Provided material Start Marker
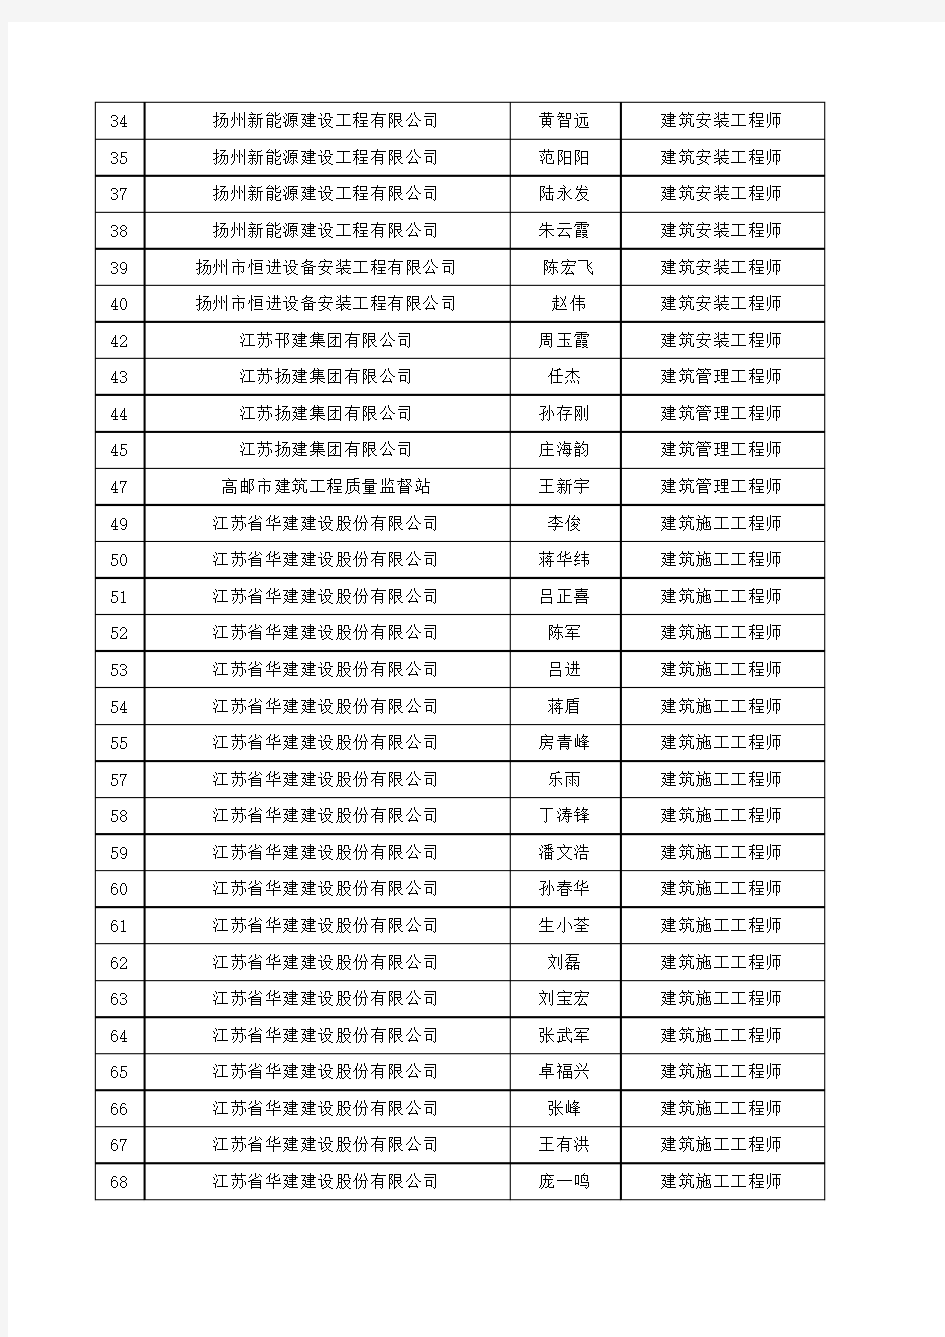 2015年度扬州市建筑工程中级职称通过人员名单公示
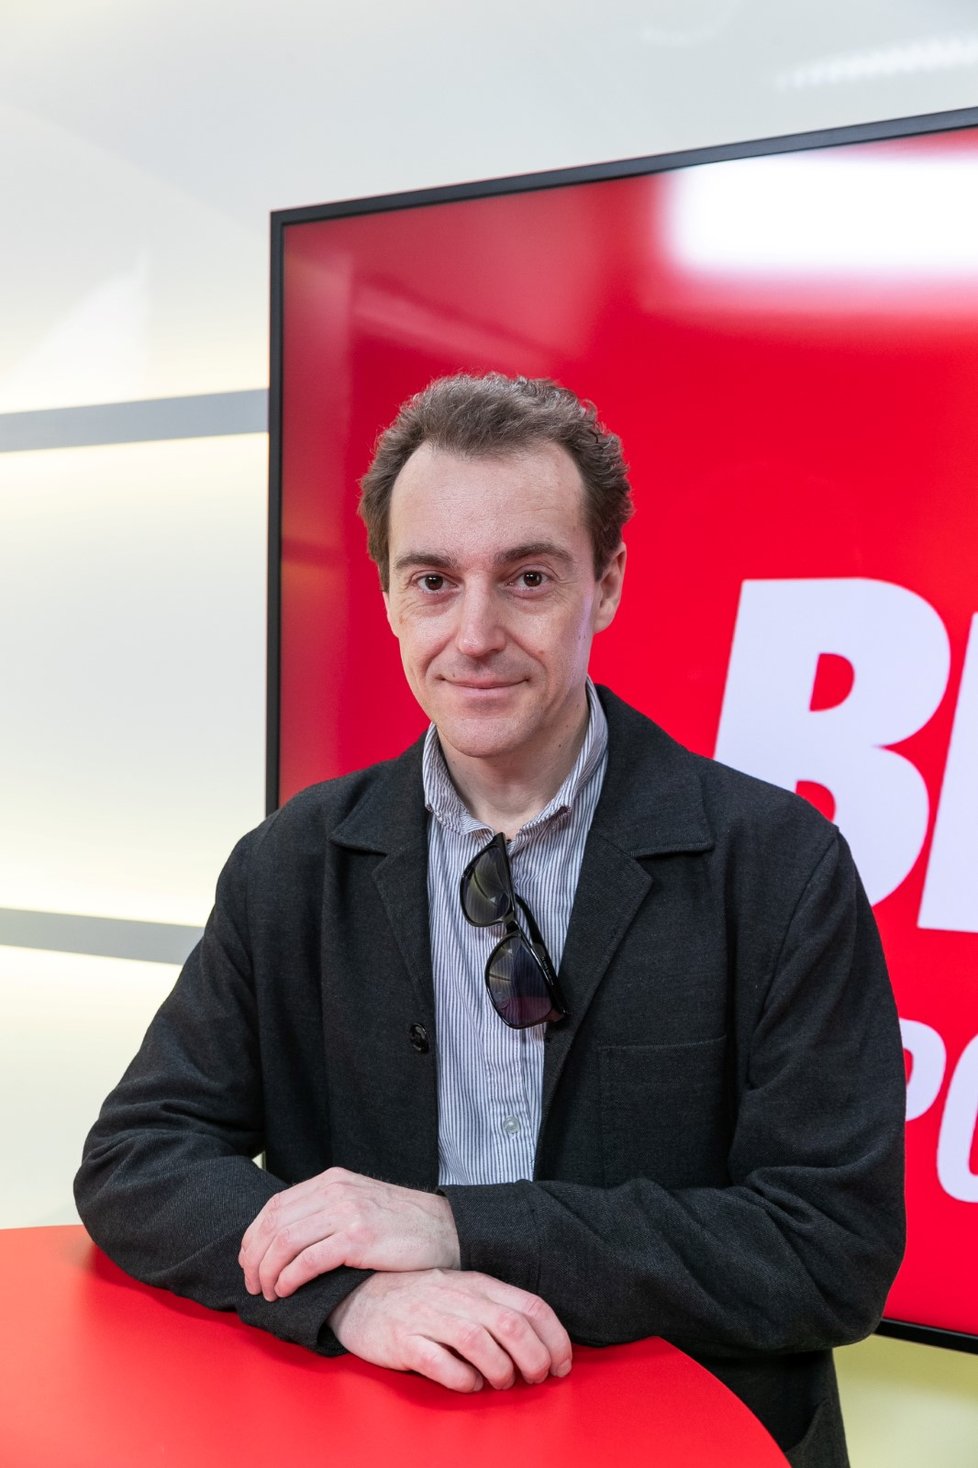 Hostem pořadu Blesk Podcast byl oceněný herec Michal Kern.
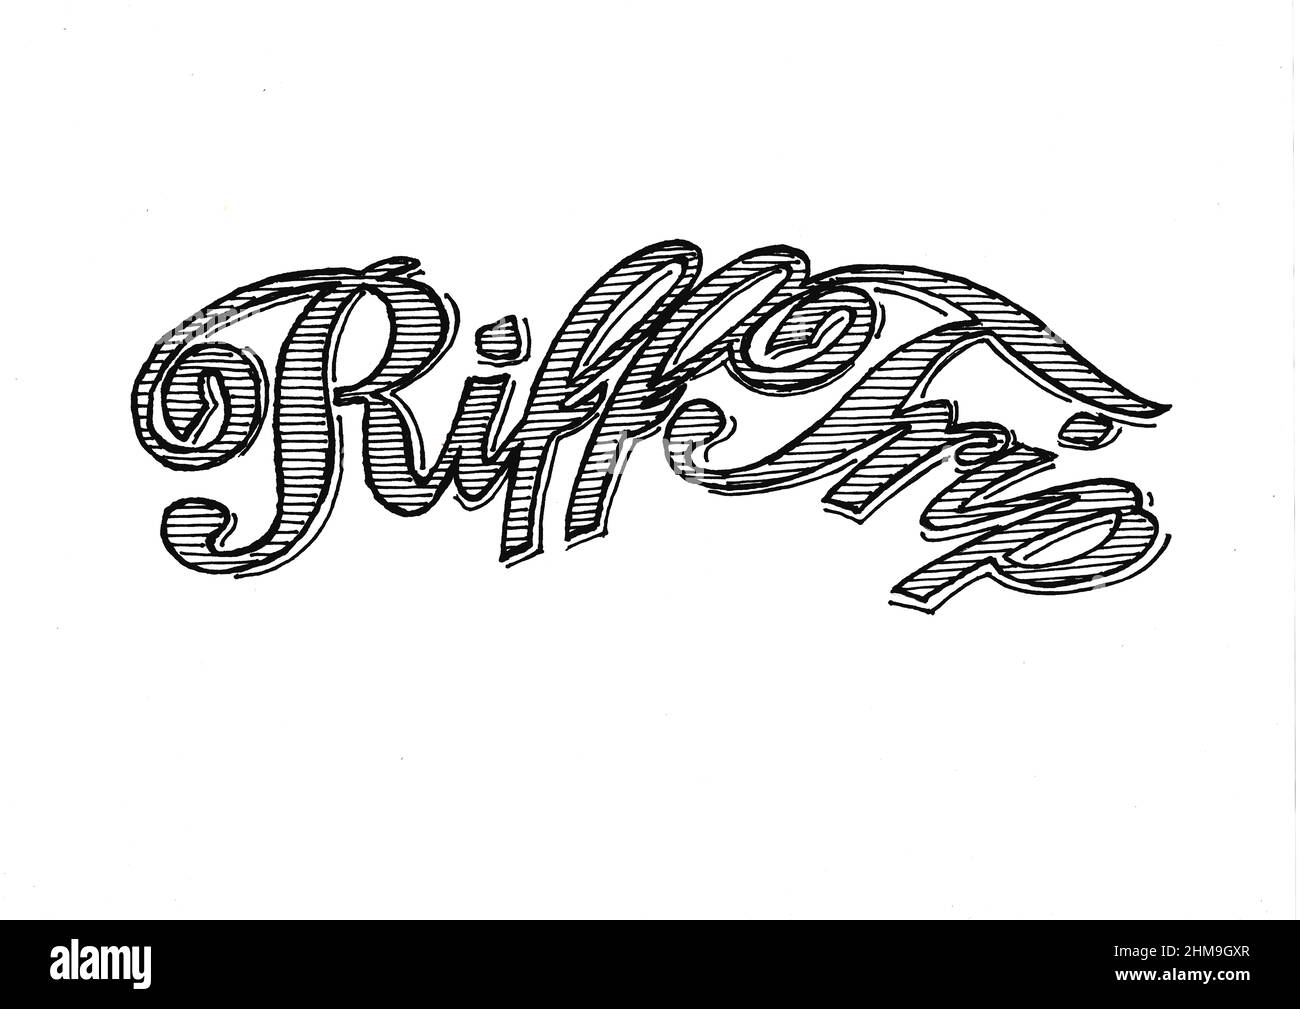 Riff Trip logo on a white background. Stock Photo
Provided material End Marker
Description of the task:
The answer must consist solely of the lines from the one with "Hostem pořadu Blesk" through the final line of the data, each reproduced exactly and with pictures omitted.

Answer box:
 Hostem pořadu Blesk Podcast byl oceněný herec Michal Kern.
 Riff Trip logo on a white background. Stock Photo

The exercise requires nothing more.